著者はアンソニー・レイ・ヒントン。1985年、アメリカ南部アラバマ州ベッセマーのスーパーマーケットで働いていたころ、20キロ以上も離れた場所で、その強盗銃撃事件は起きた。レストランの店長が襲撃されたのだ。被疑者としてヒントンは連行され、起訴される。のちに2つの殺人事件で追起訴、翌年、有罪、死刑判決を受け、独房に投獄された。その後、再審理で無実が証明され、2015年に釈放される。

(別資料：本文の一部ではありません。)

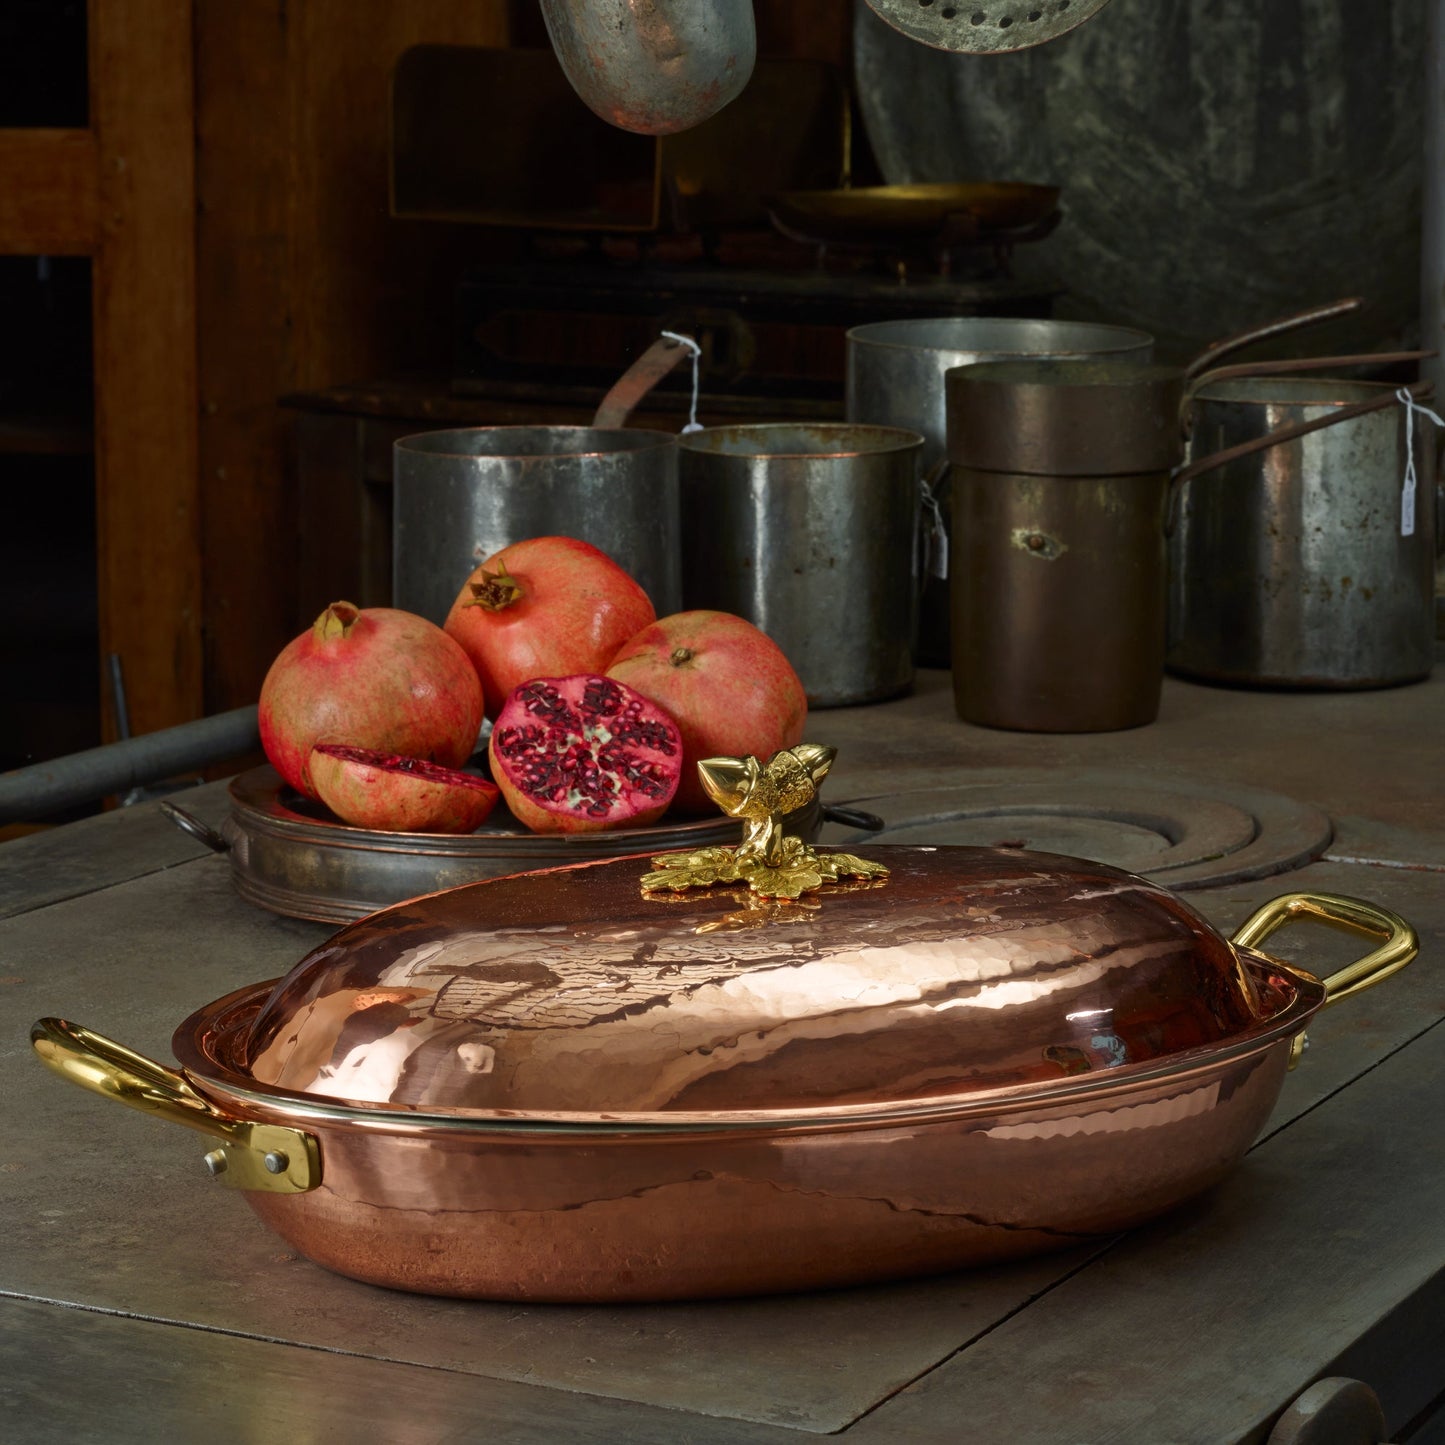 Hammered copper 4.5 Oval Low Braiser lined with high purity tin applied by hand over fire and bronze handles, from Ruffoni Historia collection

事件当時、彼には確かなアリバイがあり、誰の目から見ても無実は明らかなのに、なぜこんな酷い誤審が下されたのか。理由として訳者は「貧しい黒人青年であったがゆえに人種差別の犠牲となった」と述べる。州当局は、最初から犯人はヒントンとの前提で裁判を進めていた。また貧困のため有能な弁護士をつけられなかったからだという。差別が色濃く残っている土地柄とはいえ、こんな理不尽な冤罪がつい最近までまかり通っていた、ということが恐ろしい。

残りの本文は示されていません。